All Products
Search
Document Center

MaxCompute:OBJECT TABLE definition

Last Updated:Mar 26, 2026

An Object Table maps an OSS directory to a queryable metadata table inside MaxCompute. It lets the SQL engine read, filter, and process unstructured data — images, videos, PDFs, log files — at the same scale as structured data, without moving any files out of OSS.

With an Object Table, you can:

  • Query file metadata with SQL — list all objects in an OSS directory and filter by name, size, type, or last-modified time using standard SELECT statements.

  • Read object content at scale — use the built-in GET_DATA_FROM_OSS function inside SQL queries to stream object content into distributed compute workers for large-scale processing.

  • Keep metadata fresh automatically — cache OSS metadata inside MaxCompute and configure manual, periodic, or scheduled refreshes to stay in sync with changes in OSS.

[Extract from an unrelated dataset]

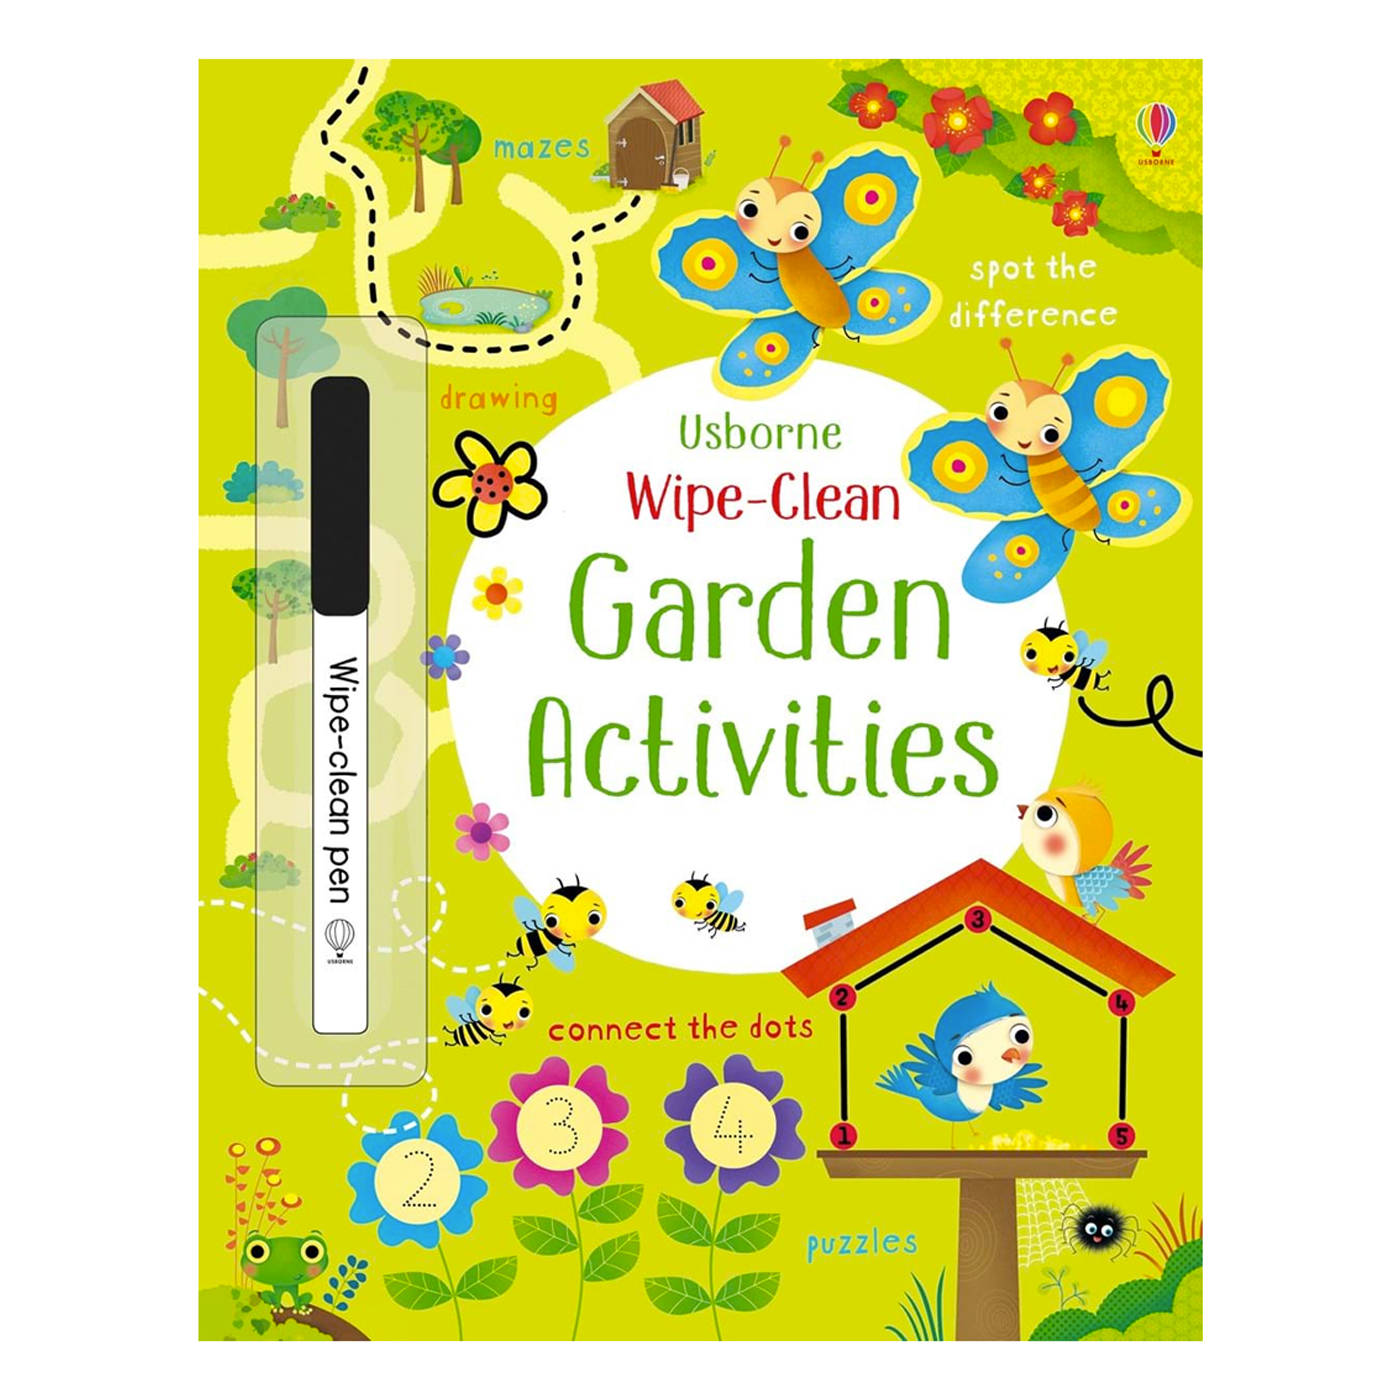  Wipe-Clean Garden Activities

  • Process unstructured data with custom logic — upload custom images to build UDFs (user-defined functions) that run alongside the SQL engine and write results to internal or foreign tables. Object Tables will also support writing unstructured results back to OSS in a future release.

  • Use the Maxframe engine — Object Tables support the Maxframe engine for the Python ecosystem.

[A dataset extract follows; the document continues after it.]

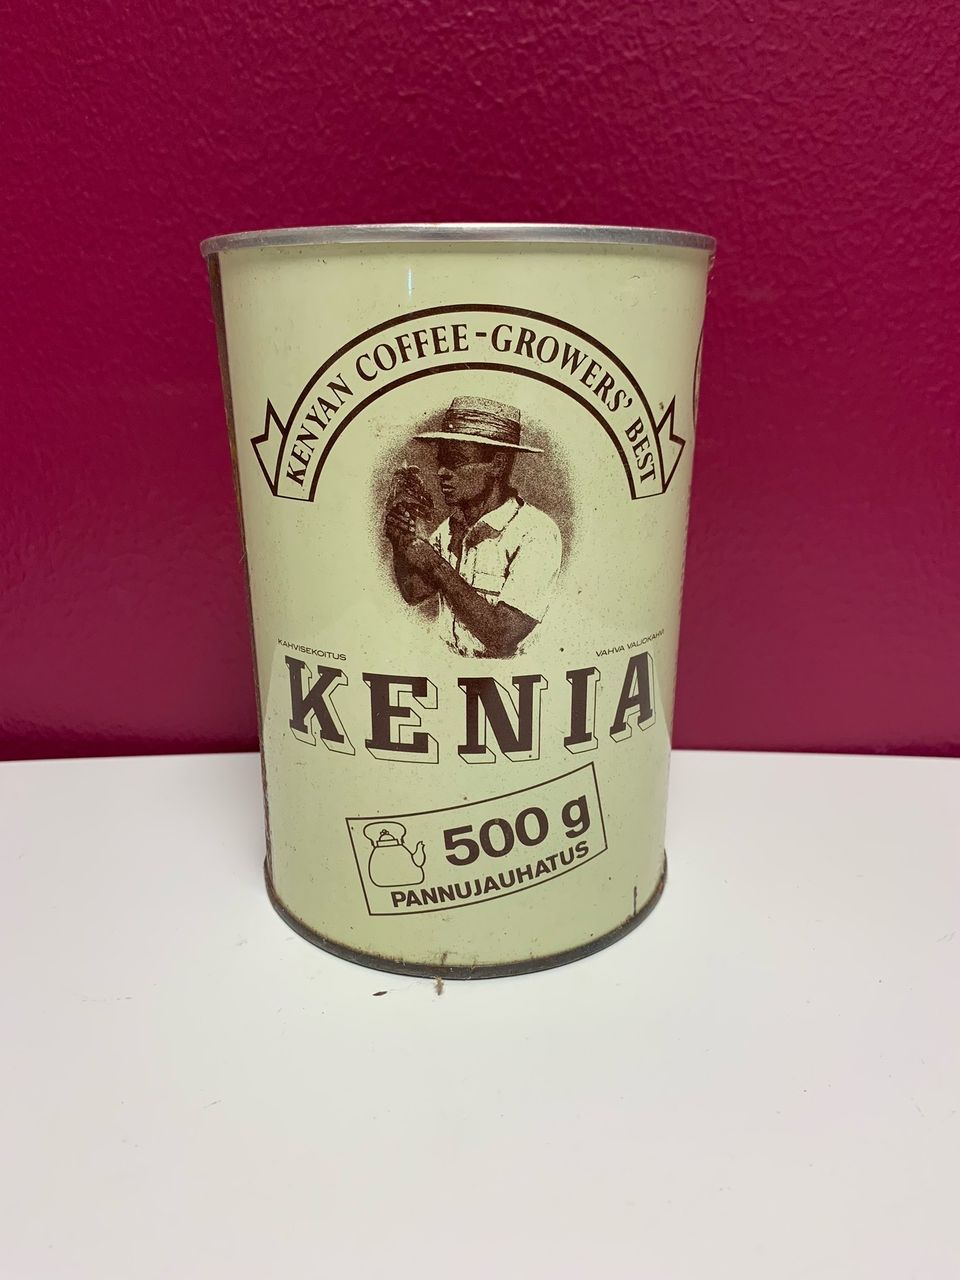 Vanha Kenia-kahvipurkki

Creating an Object Table does not copy or modify your OSS data. MaxCompute caches only the object metadata. The actual files remain in OSS.

Prerequisites

Before you begin, make sure you have:

  • A MaxCompute project with the Schema feature enabled. See Enable the Schema feature.

  • The MaxCompute 2.0 data type system enabled in your project.

  • Completed the one-click authorization for AliyunODPSDefaultRole, which grants MaxCompute access to OSS via a Security Token Service (STS) token. One-click authorization is only available when the ProjectOwner of the MaxCompute project is the same Alibaba Cloud account that owns the OSS bucket.

Limitations

  • Object Tables do not support partitions.

  • Both manual and periodic refreshes are full refreshes.

Billing

Metadata storage: MaxCompute charges storage fees for the metadata cached in an Object Table. See Storage fees. OSS charges separately for the actual data stored and accessed in buckets. See OSS storage fees.

Refresh tasks: The inputsize for each file scanned during a refresh is based on its metadata size, not the actual file size. Refresh costs scale with the number of files, not their size. See SQL billing for foreign tables.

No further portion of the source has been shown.